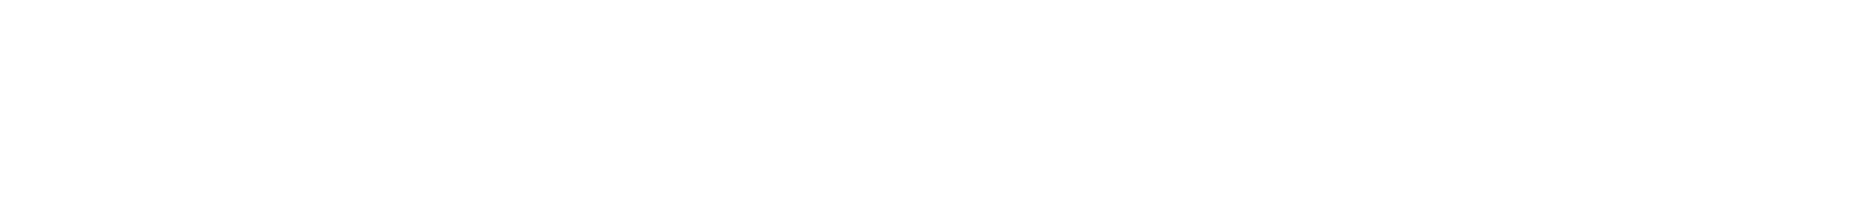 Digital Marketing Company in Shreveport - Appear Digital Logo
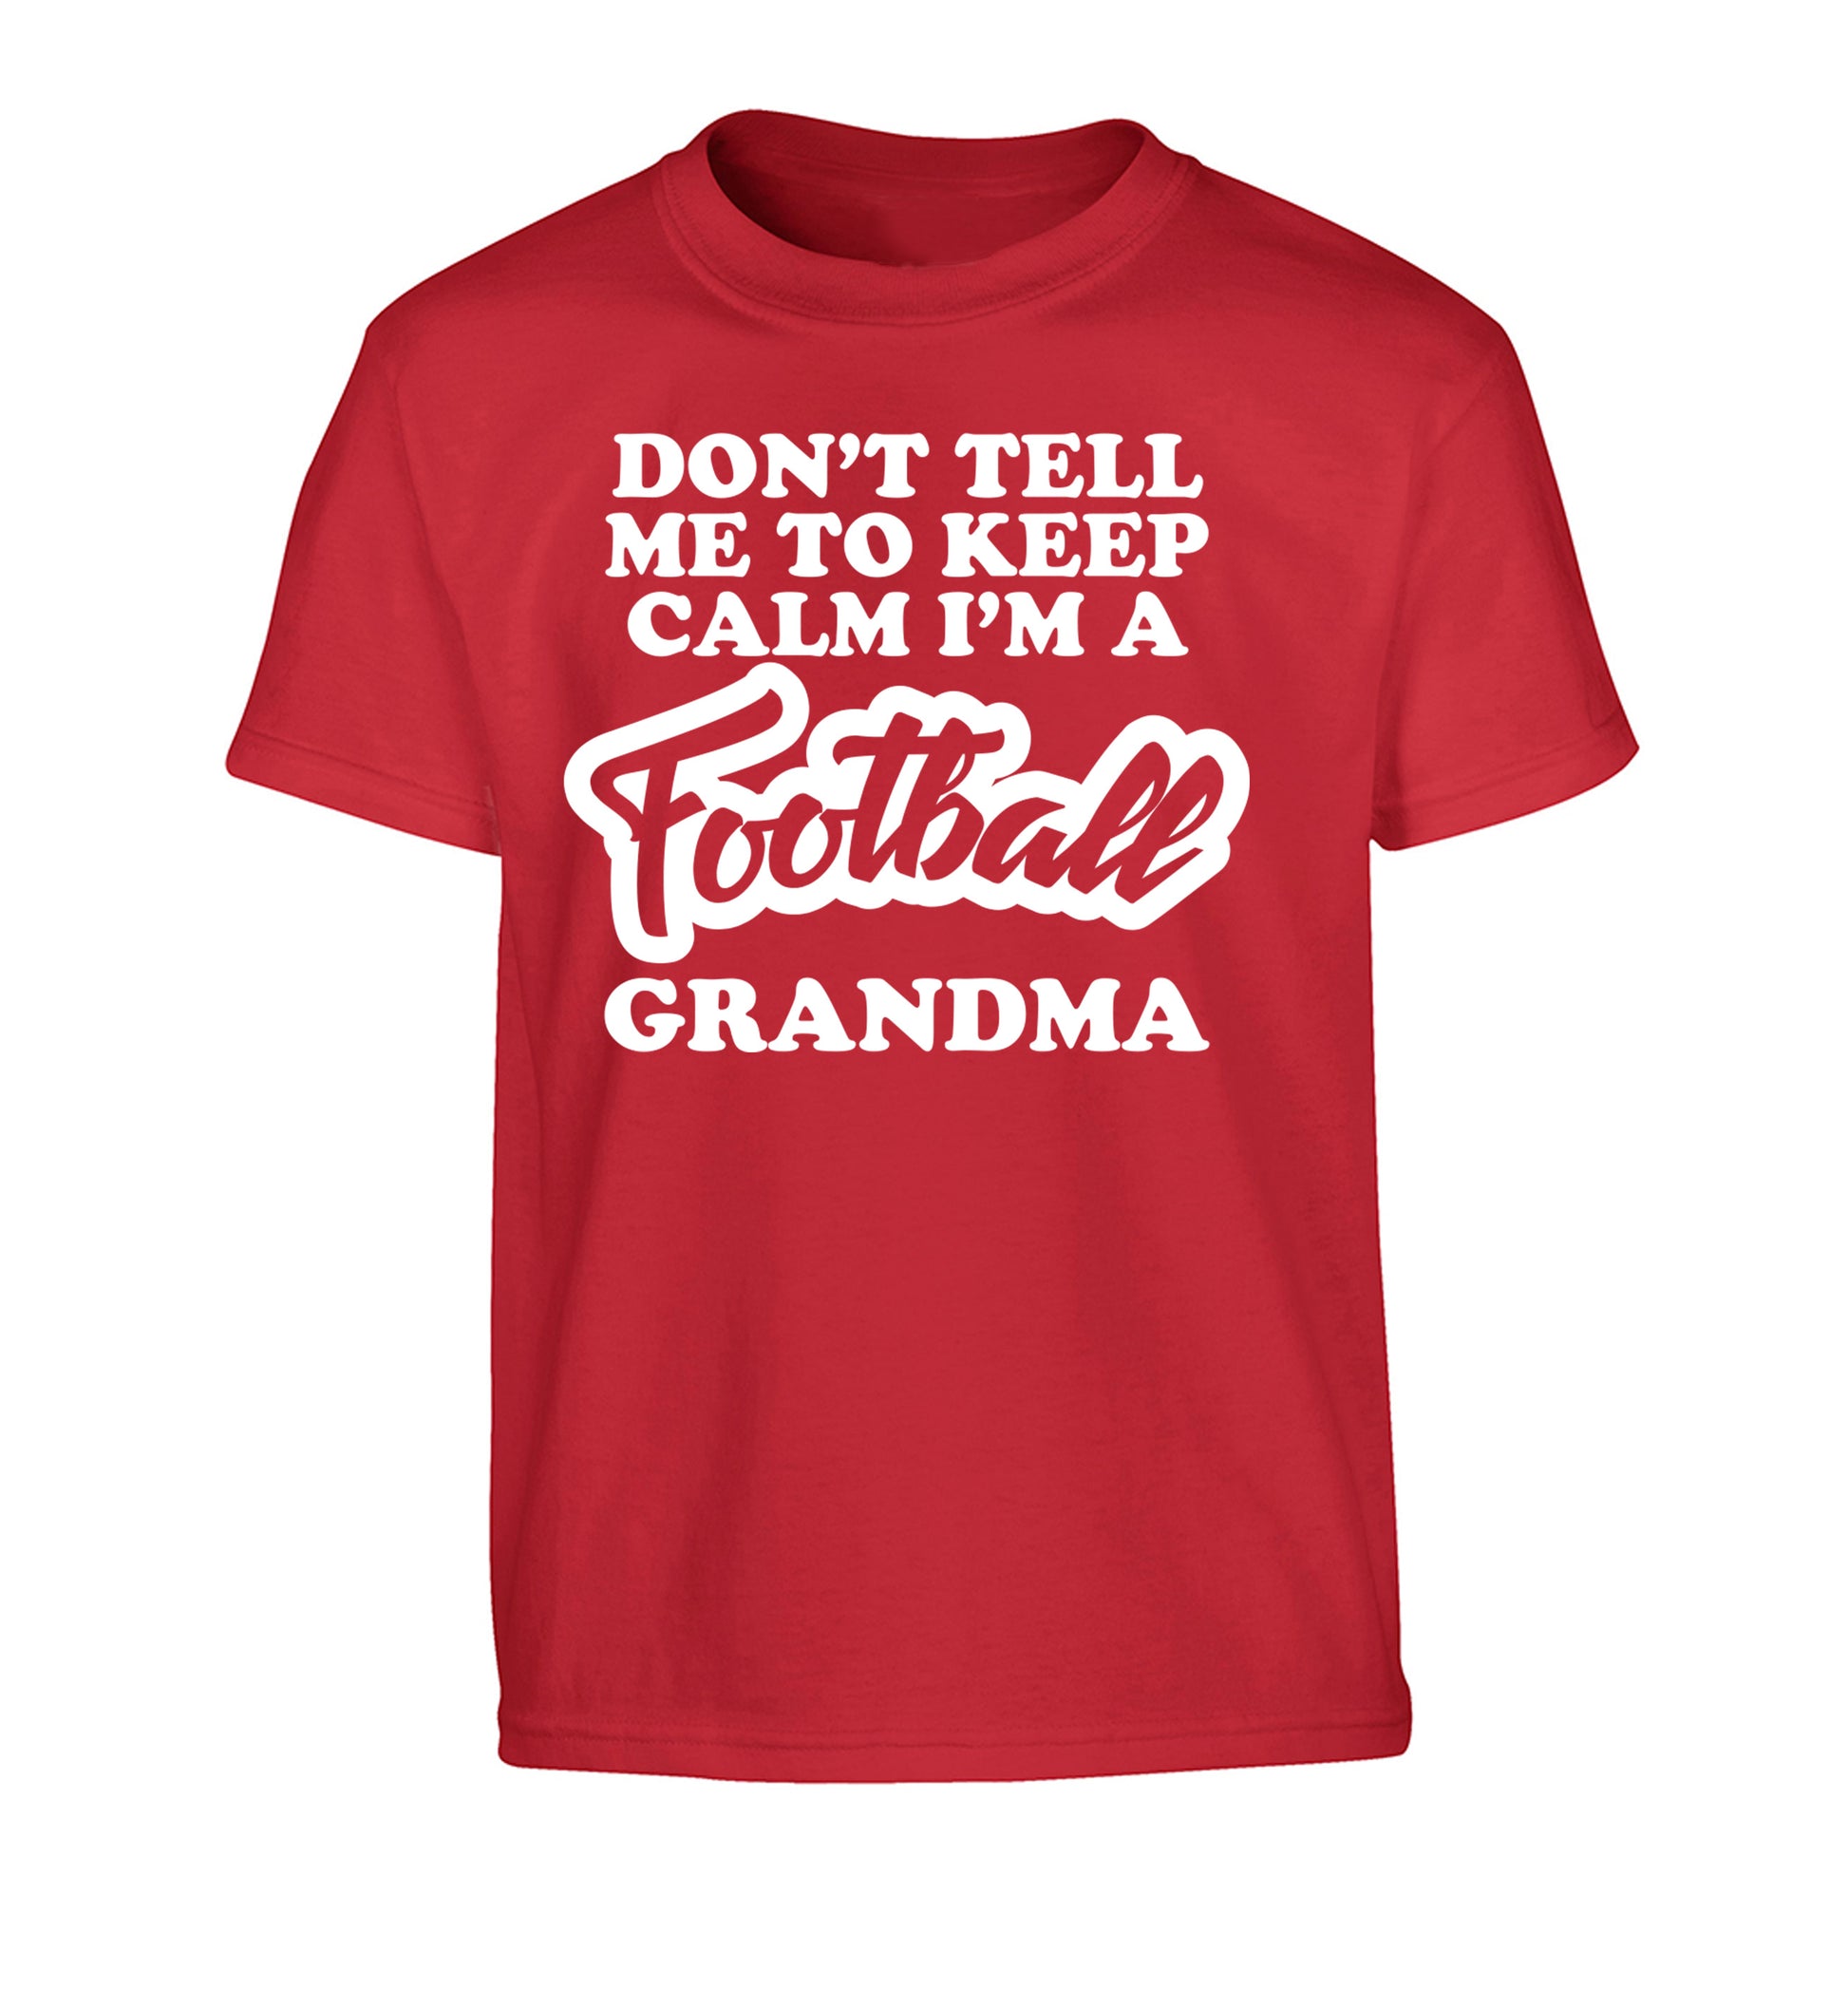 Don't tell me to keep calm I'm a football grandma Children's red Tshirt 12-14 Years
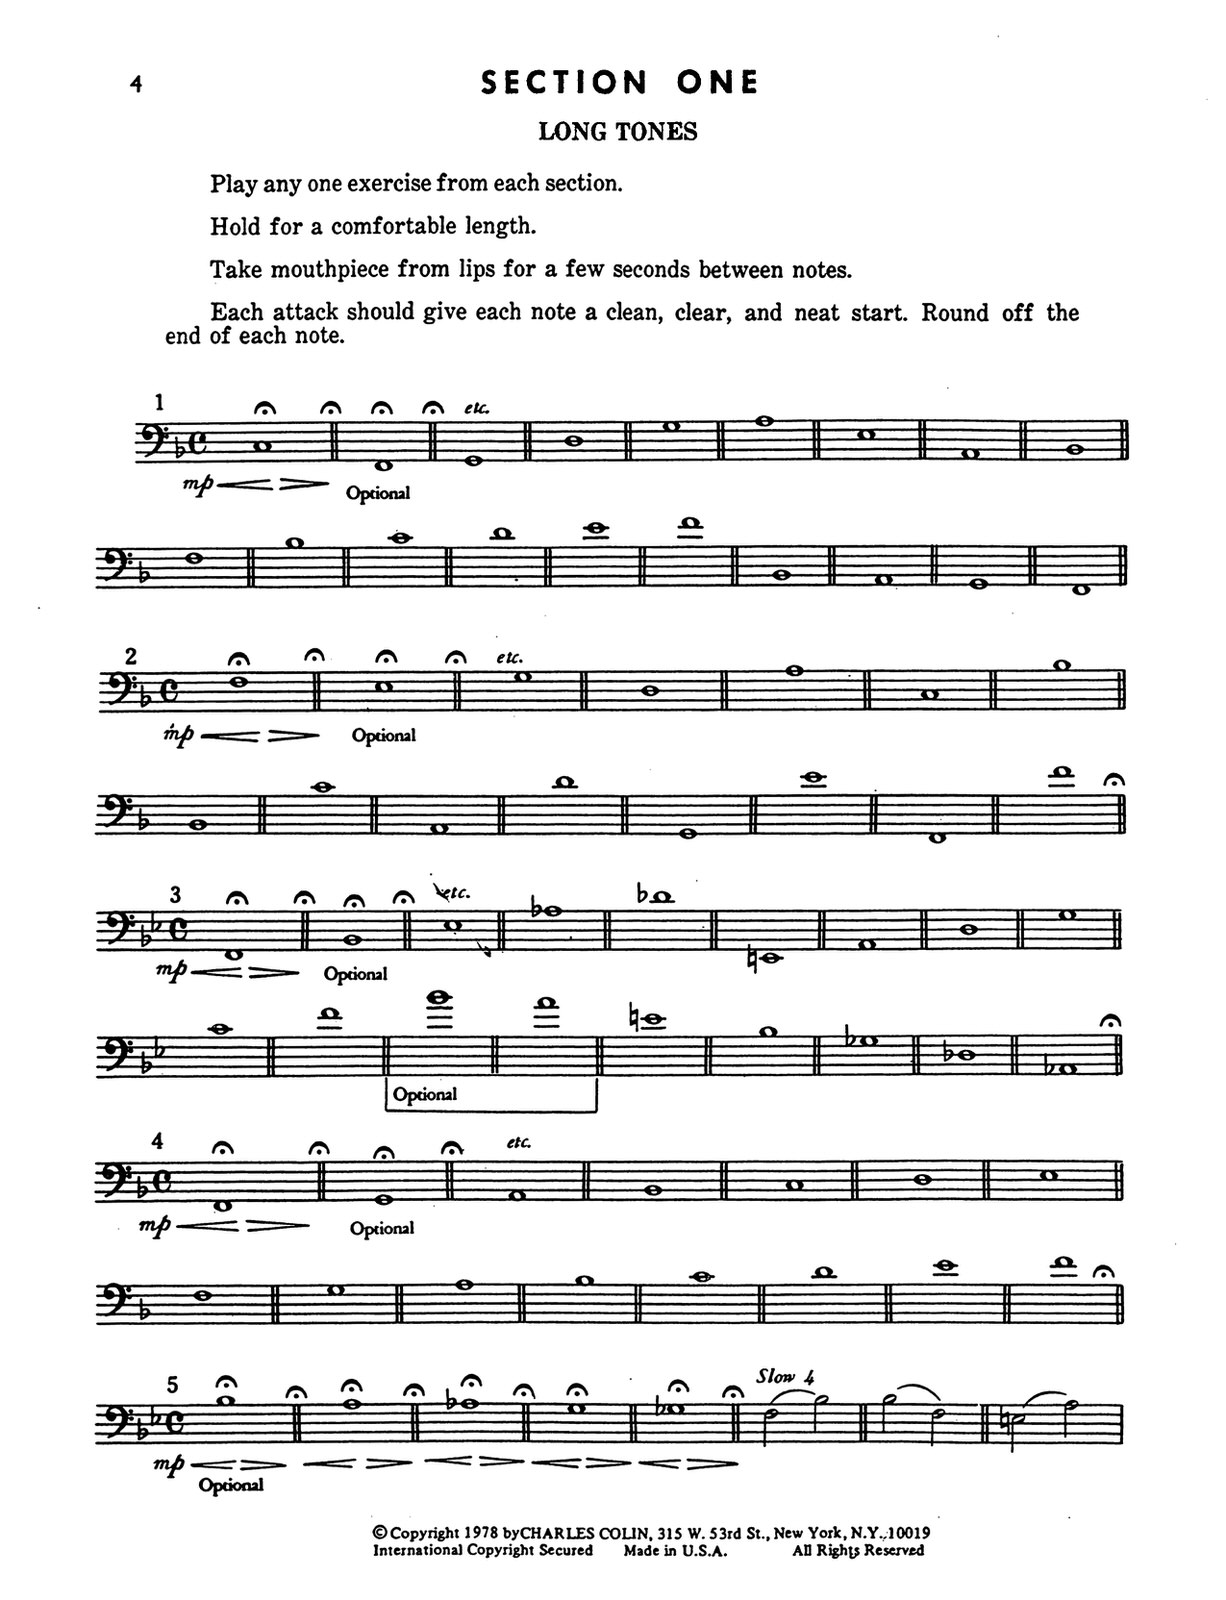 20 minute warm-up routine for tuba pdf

▶ [What is needed] A word-for-word repeat of the lines from the line with "Don't tell me" to the last line of the data, both ends included and pictures left out, is all that should appear.

▶ [Task answer]
 Don't tell me to keep calm I'm a football grandma Children's red Tshirt 12-14 Years
 20 minute warm-up routine for tuba pdf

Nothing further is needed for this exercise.